5. Model implementation and results
We implemented the model described above1 and ran several simulations to assess its behaviour. Our simulated driving environment was identical in layout to the virtual environment used by human subjects , in order to be able to directly compare our results to human performance. The implementation consisted of three modules: a ‘speed’ module M(s) that attempted to drive at a particular target speed; a ‘follow’ module M(f) that attempted to follow a lead car, and a ‘lane’ module M(l) that attempted to steer so as to follow the nearest lane on the road. All cars in the simulation drove in a simulated two-dimensional world, described above. Each time gaze was allocated to a new module, we recorded the module that received the gaze, as well as several behavioural measurements (e.g. distance to leader car, current speed, etc.) to verify that the agent was driving appropriately.
Sullivan et al.  instructed subjects driving in a virtual environment to multi-task between the competing goals of trying to follow a leader car (at a distance of one car length and to follow any lane changes by the leader), and maintaining a constant speed. The priority of the two tasks was varied such that when one was high, the other was low, but but the subject must always attempt to do both and not simply ignore one of the tasks. Additionally, subjects drove in some conditions where noise was added to the speed of the car, with the intent of disrupting the maintenance of a constant speed. These manipulations resulted in four conditions where either following a leader or maintaining a constant speed was most important, and velocity noise was either present or absent. They found that task priority increased looks on task-related objects. Additionally, an interaction between priority and uncertainty was found, whereby uncertainty alone did not guarantee increased looks. Instead, only if a task-related object had sufficiently high priority did the addition of uncertainty further increase looks. Look duration histograms for this experiment are replicated in the top row of figure 3.
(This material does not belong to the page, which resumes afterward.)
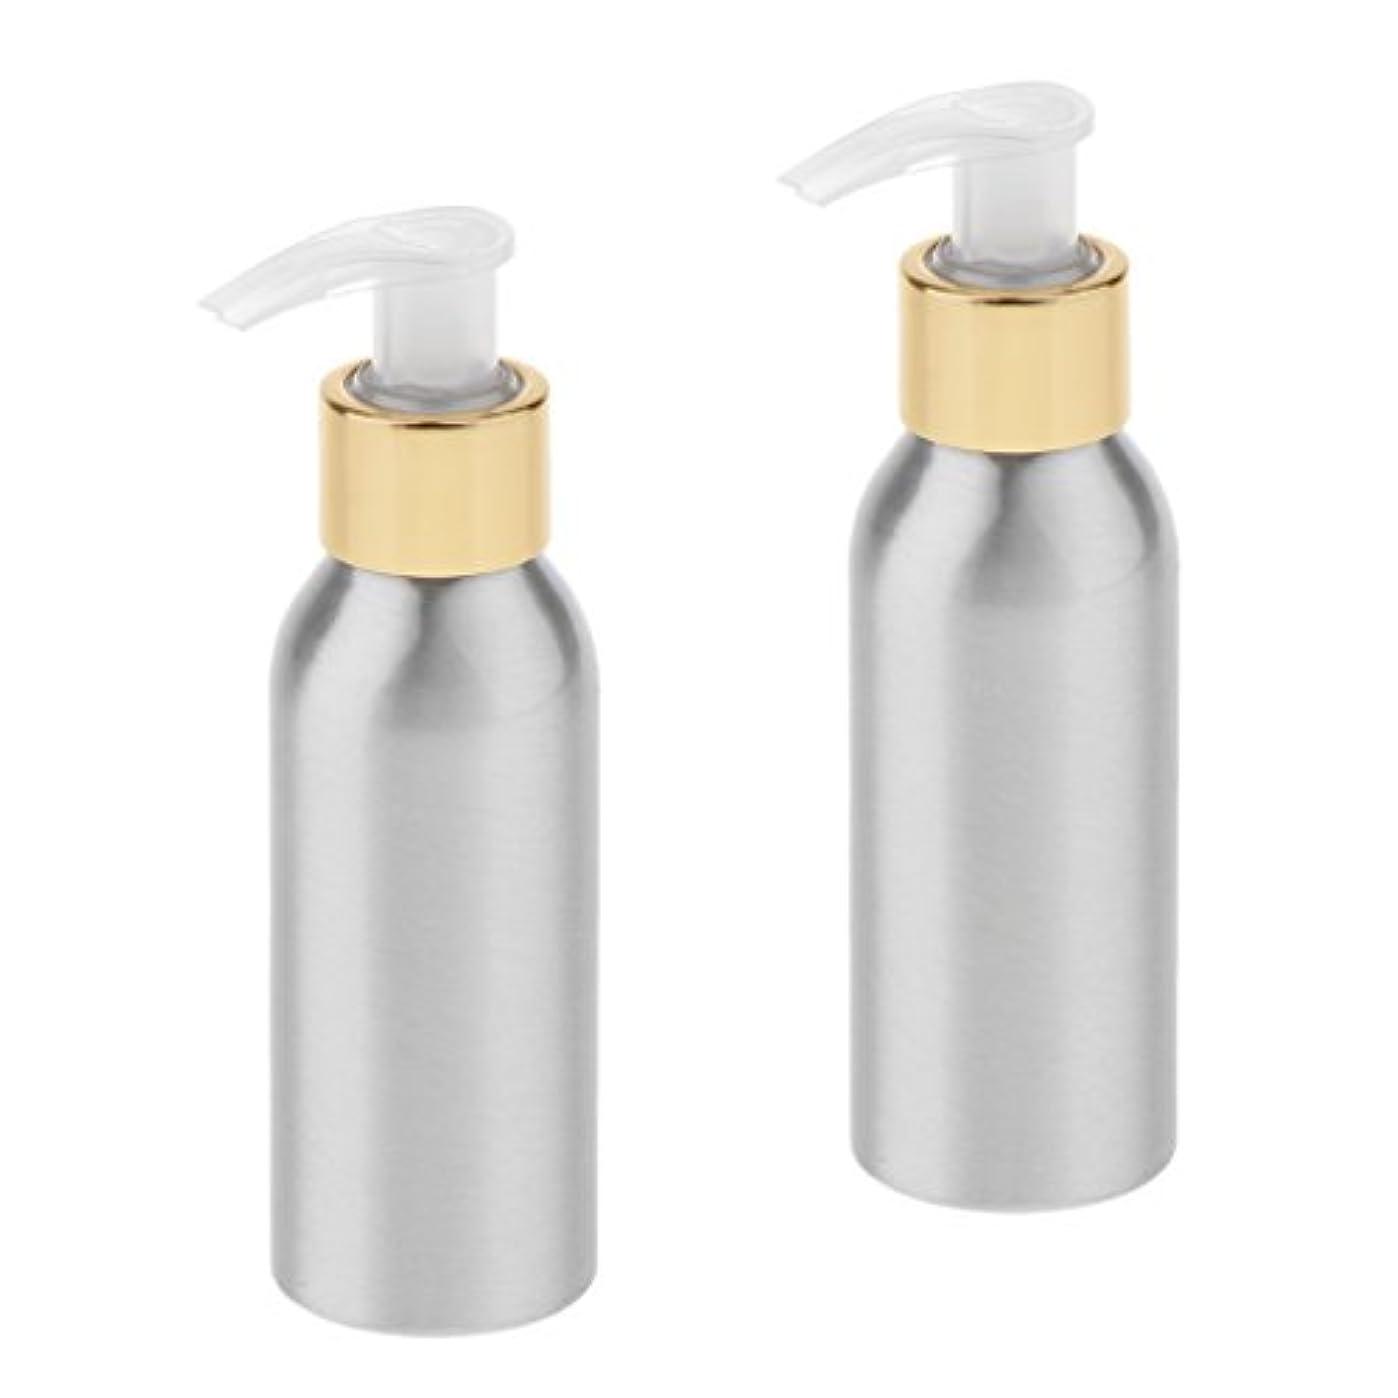 ニッケルセール無駄にSharplace ポンプボトル スプレーボトル 噴霧器 アルミボトル 旅行 出張 用品 詰替え 化粧品 2本入り 全6サイズ - 120ml
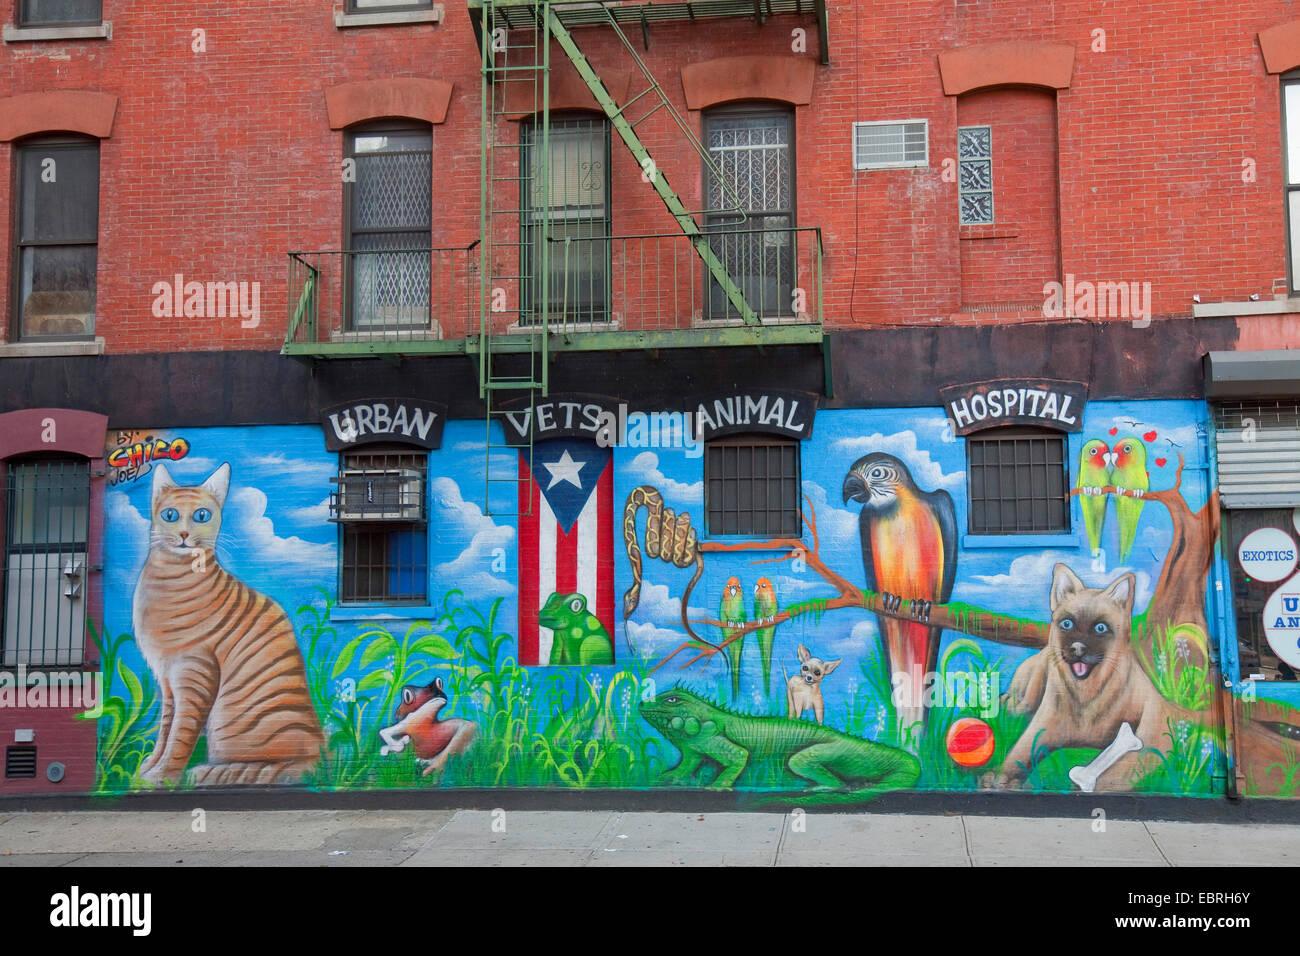 Graffiti wall usa - Stock Photo Graffiti On House Wall Usa East Village New York City

We ran a set of simulations with our model attempting to replicate this behaviour using parameters set to mimic the original human driver conditions. The model was able to capture several important aspects of the human data, including a sensitivity to both noise and priority, but also a gating effect whereby noise in low-priority tasks had a smaller effect than noise in high-priority tasks. Note, the methodology of Sullivan et al. counted looks on the road and task-irrelevant objects (i.e. looks that were not on cars or the speedometer) as a category termed ‘other’. As the majority of their analysis only addressed looks on the speedometer and on the leader car, we focus our presentation of results on these two modules.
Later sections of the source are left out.